» **DATASET EXCERPT**
================================
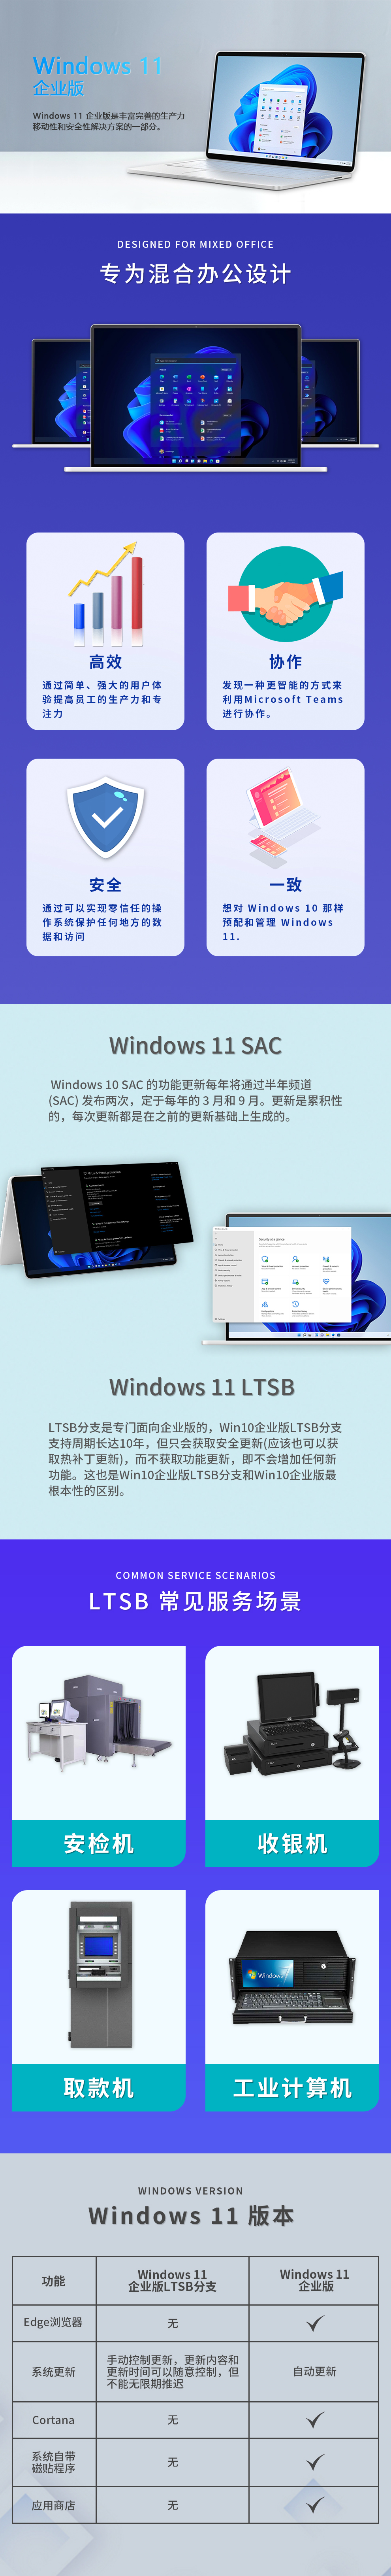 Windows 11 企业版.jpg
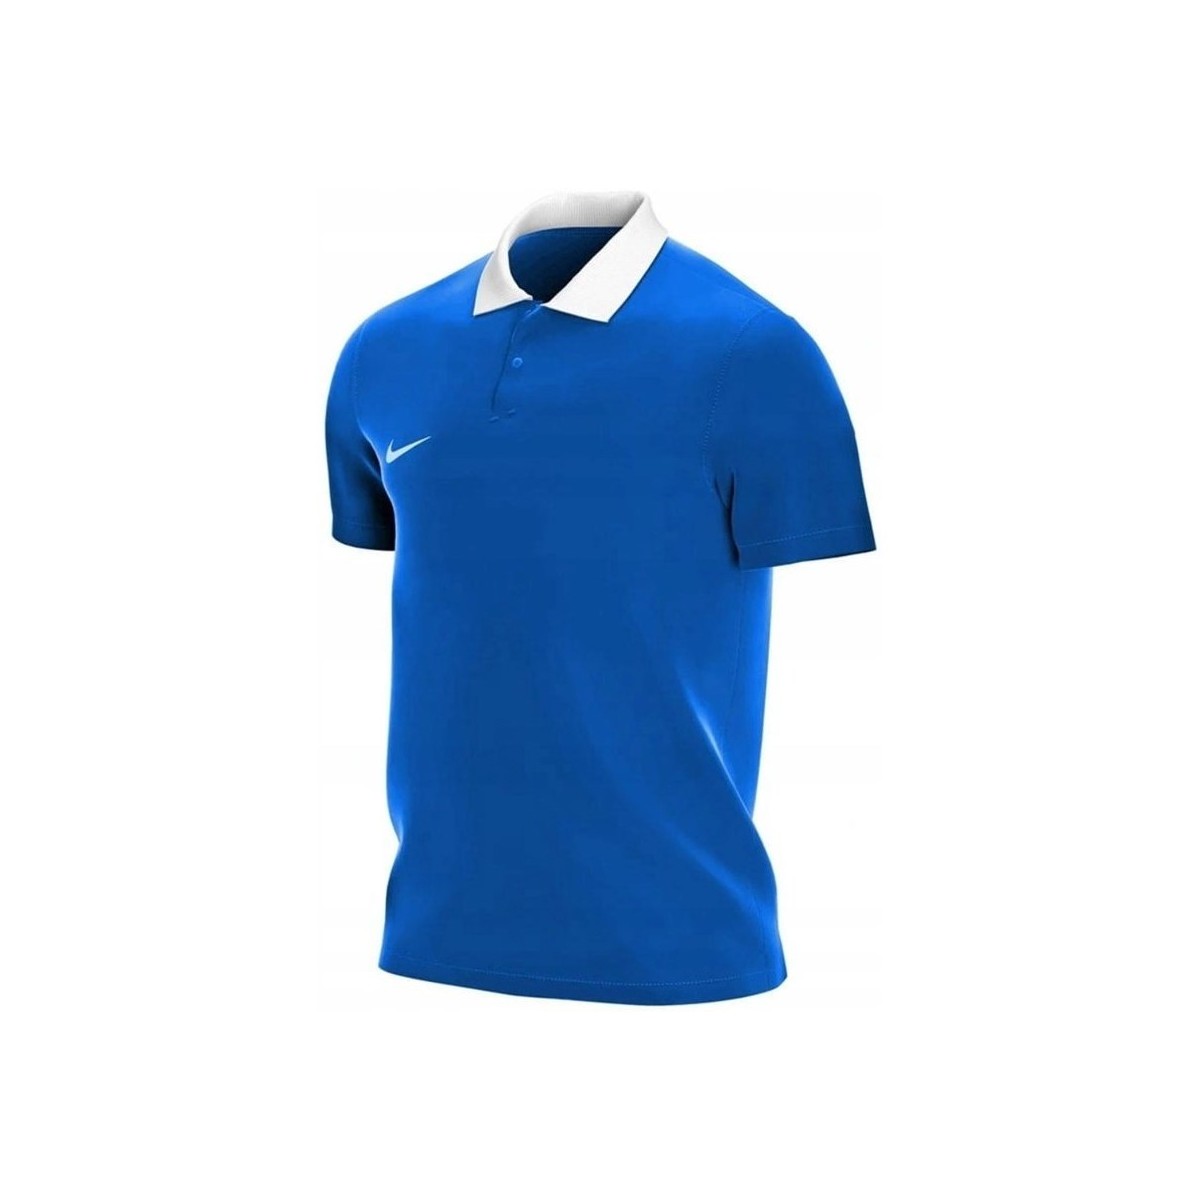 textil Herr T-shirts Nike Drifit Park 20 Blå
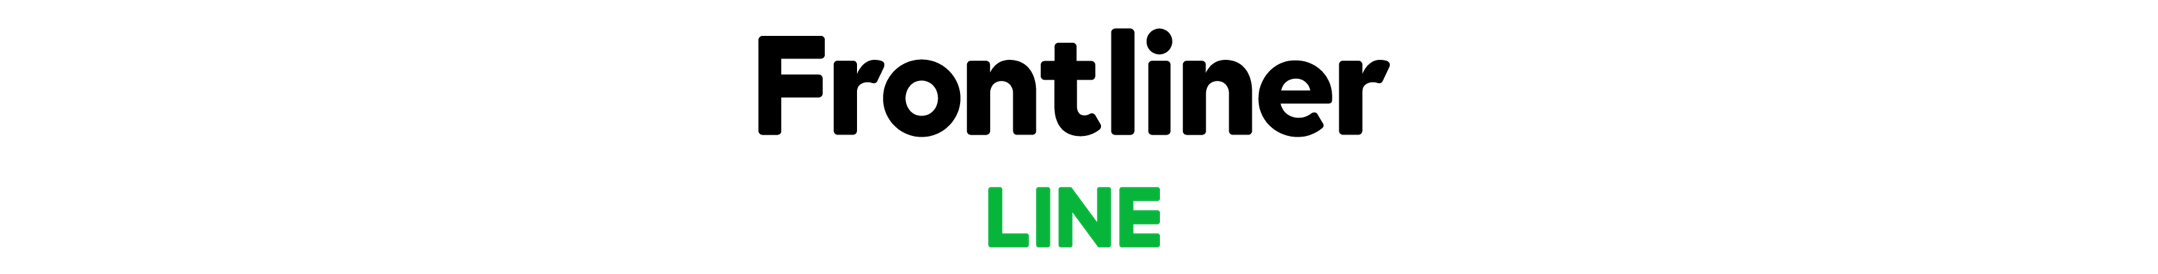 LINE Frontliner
================================
The result should be every line of the data, reproduced exactly, with the images removed.

» **SOLUTION FOR THIS EXERCISE**
 Windows 11 企业版.jpg
 textil Herr T-shirts Nike Drifit Park 20 Blå
 LINE Frontliner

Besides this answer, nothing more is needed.